▸ PROBLEM STATEMENT:
Exactly as they stand, copy the lines from the one containing "Продать камня луч" to the final line of the data; leave out the pictures.

▸ DATA BLOCK:
↓↓↓
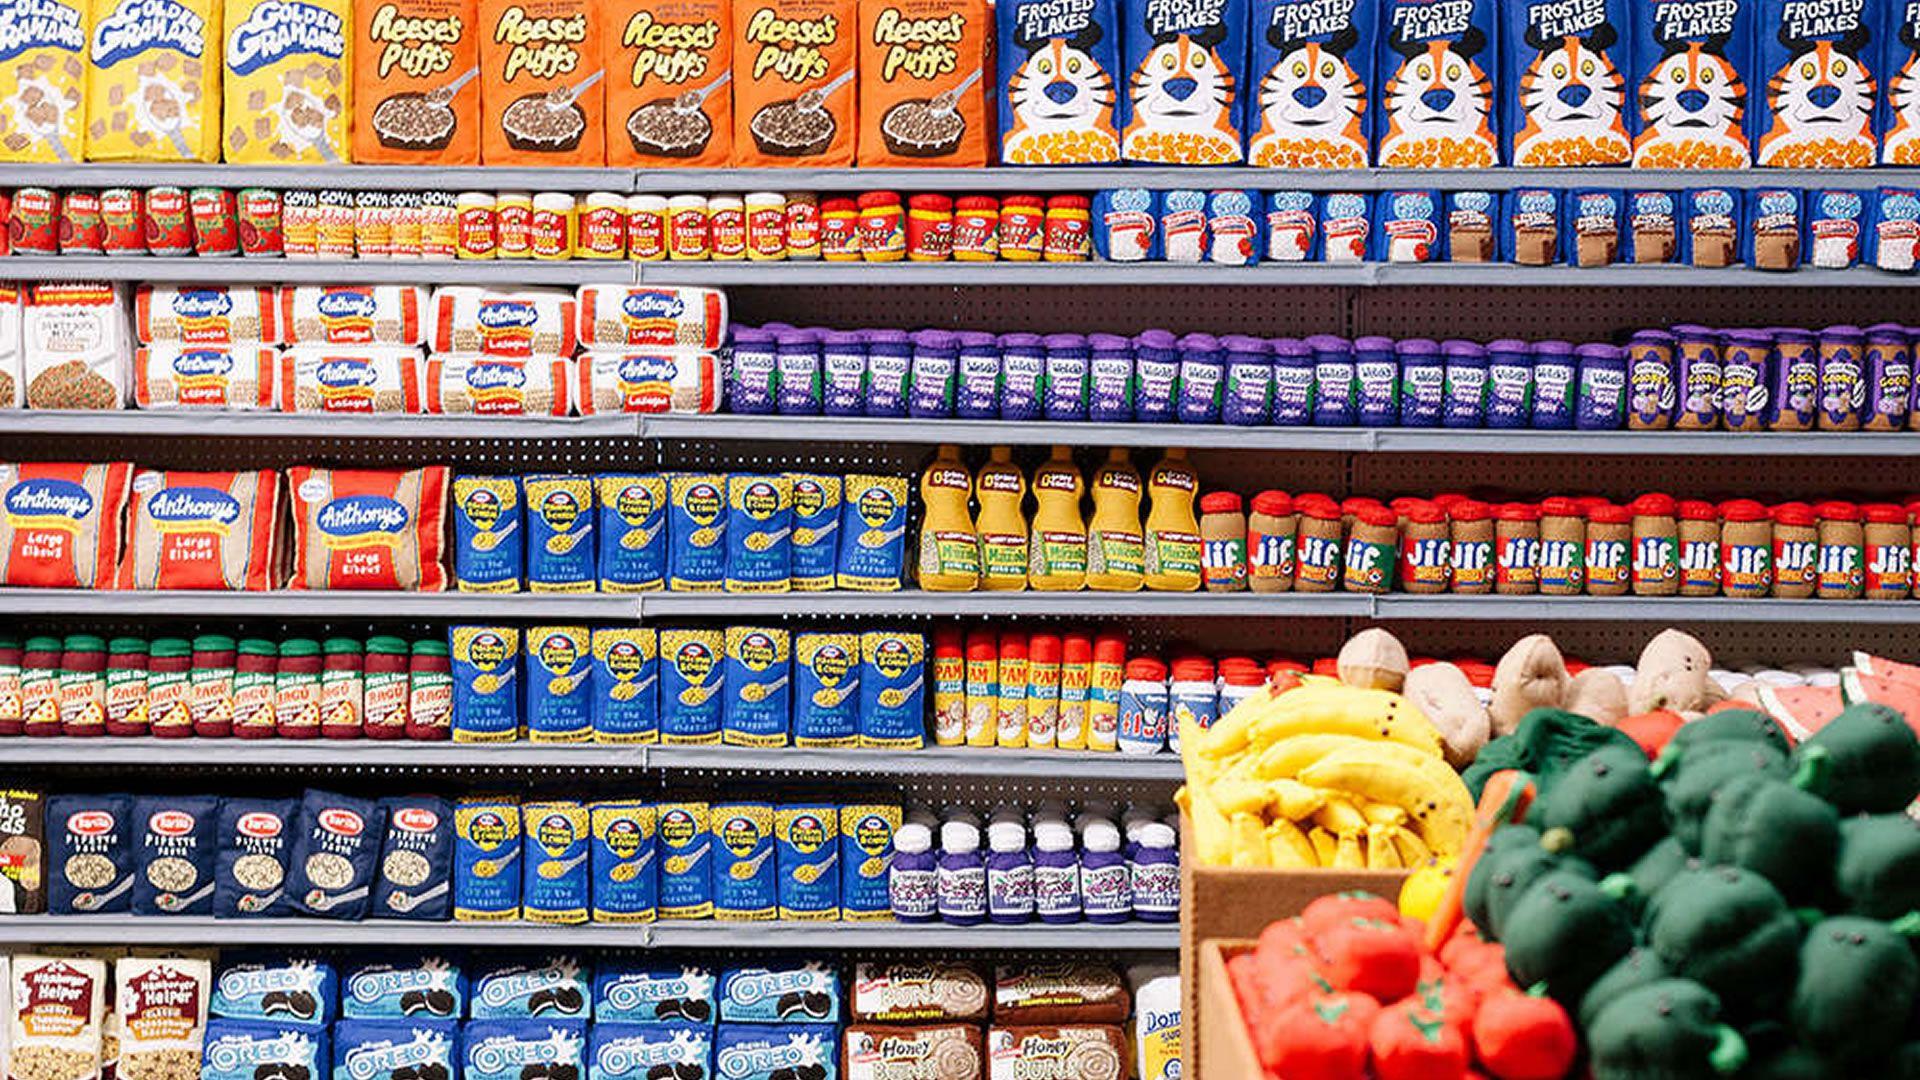 inauguran un supermercado en los Ángeles donde nada es comestible
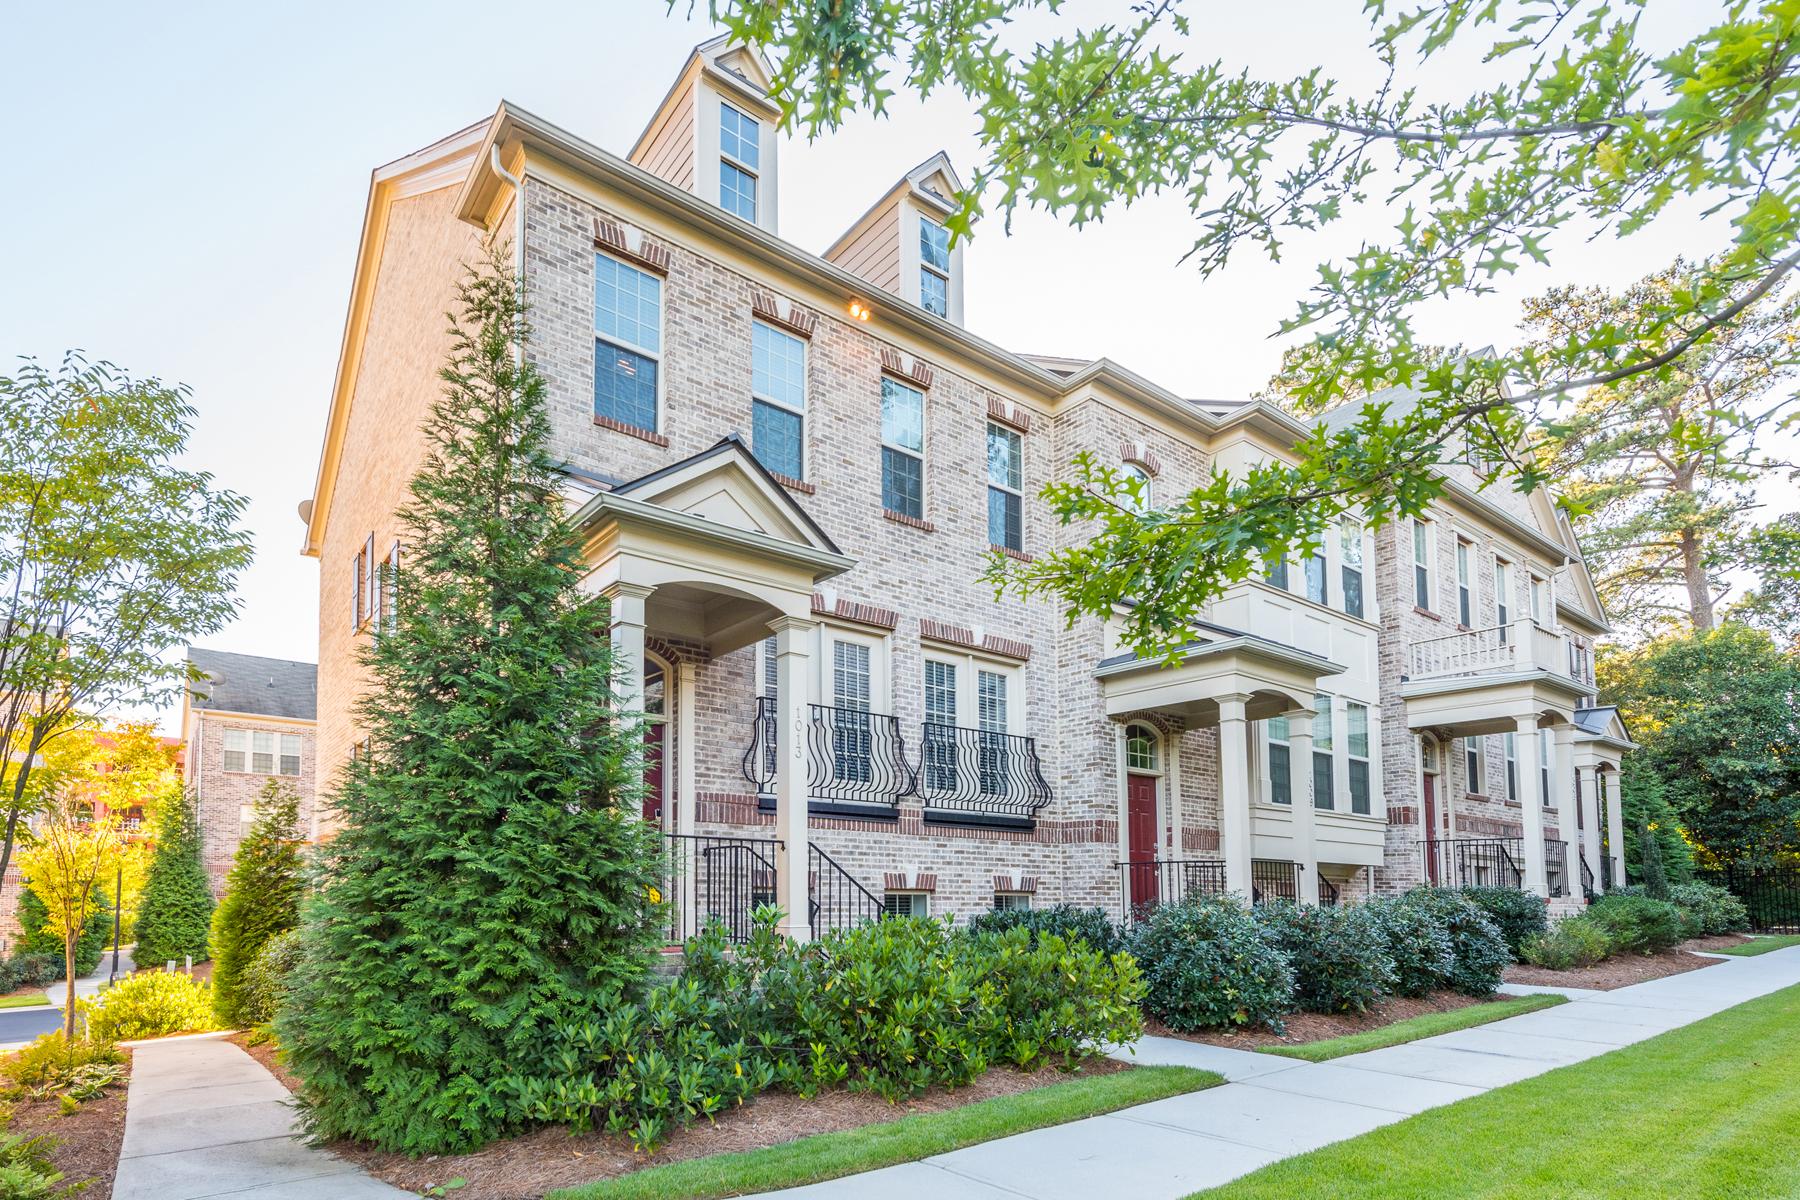 タウンハウス のために 売買 アット Luxury Townhome In The Heart Of Buckhead 1013 East Paces Lane NE Atlanta, ジョージア, 30326 アメリカ合衆国
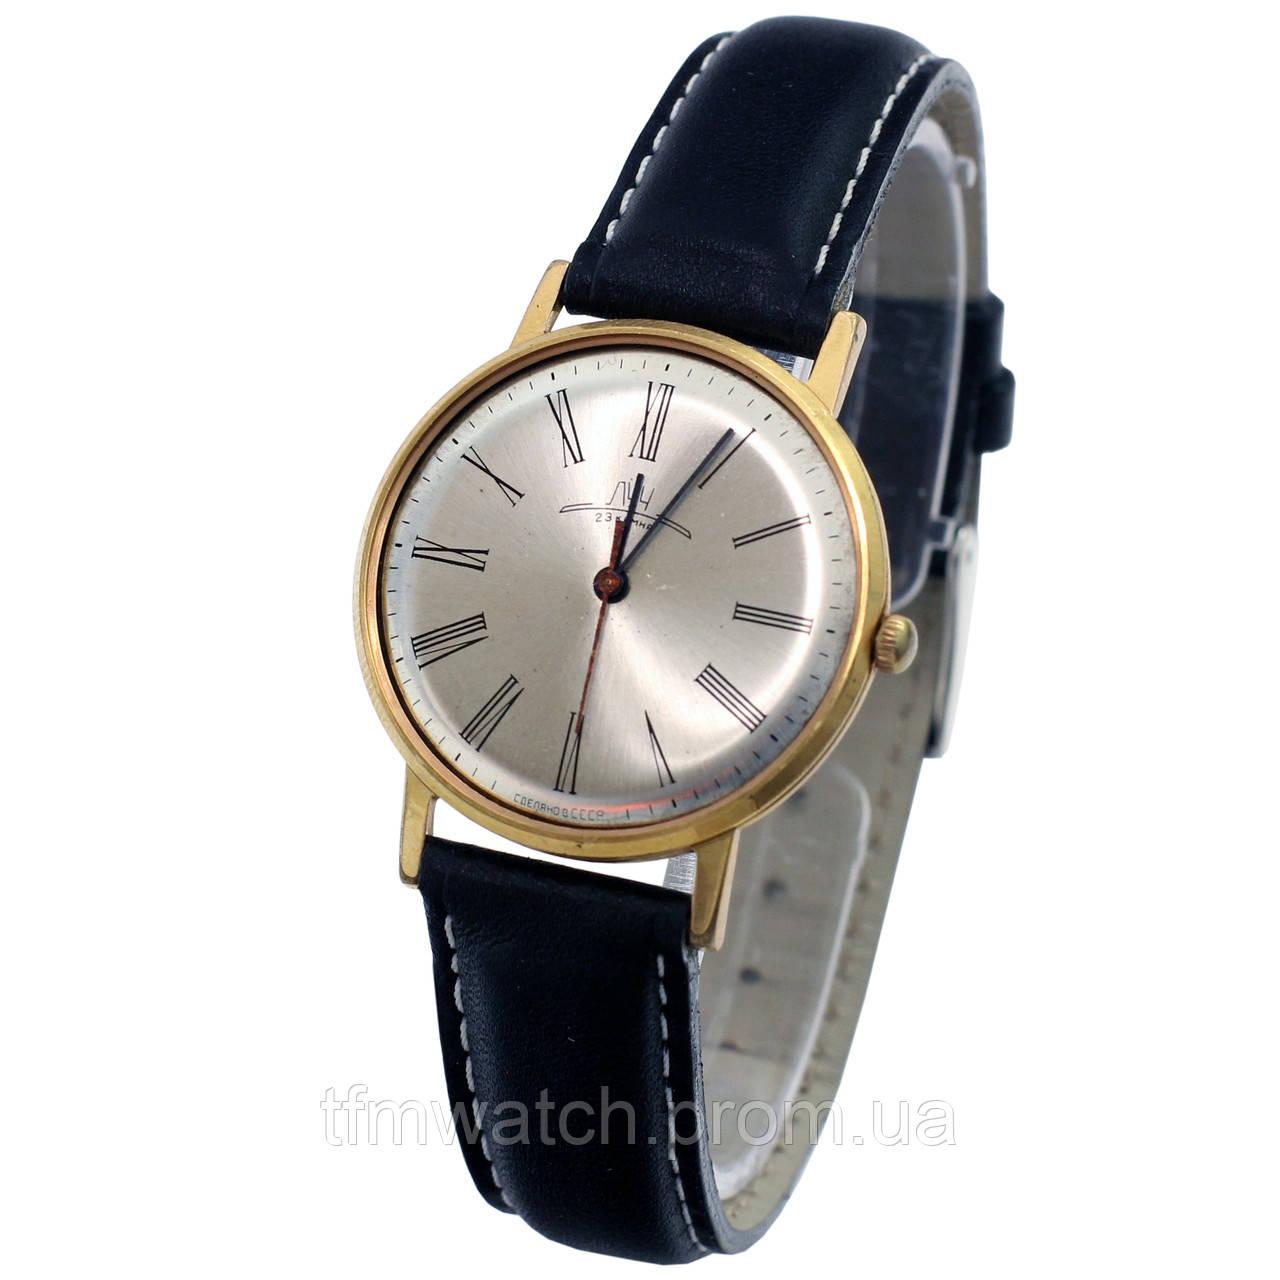 Продать камня луч часы 23 часы оригинал продам лонжин evidenza
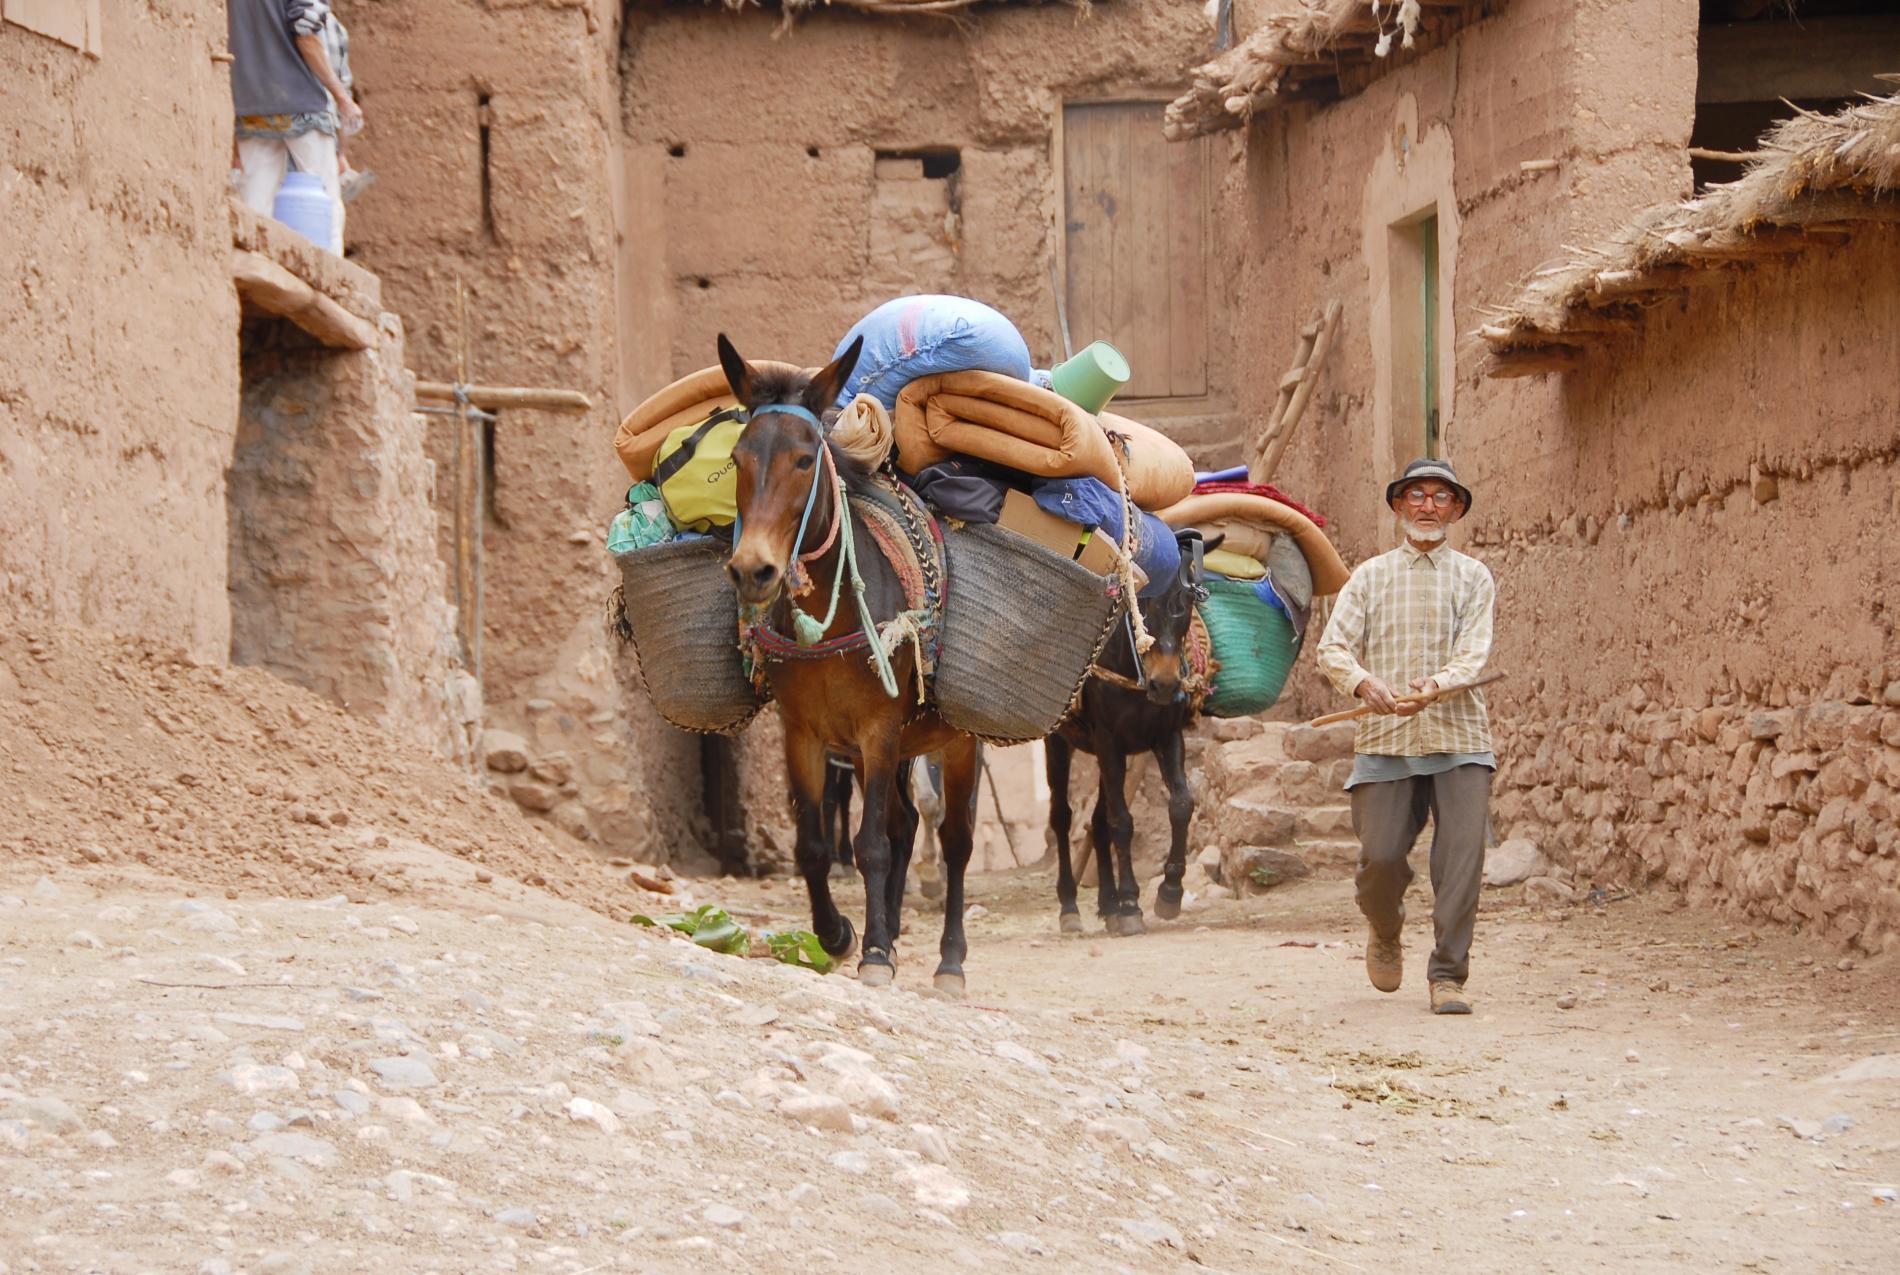 Voyage solidaire Maroc : Vision du Monde - Photo 1
↑↑↑
▸ ANSWER BOX:
 Продать камня луч часы 23 часы оригинал продам лонжин evidenza
 Voyage solidaire Maroc : Vision du Monde - Photo 1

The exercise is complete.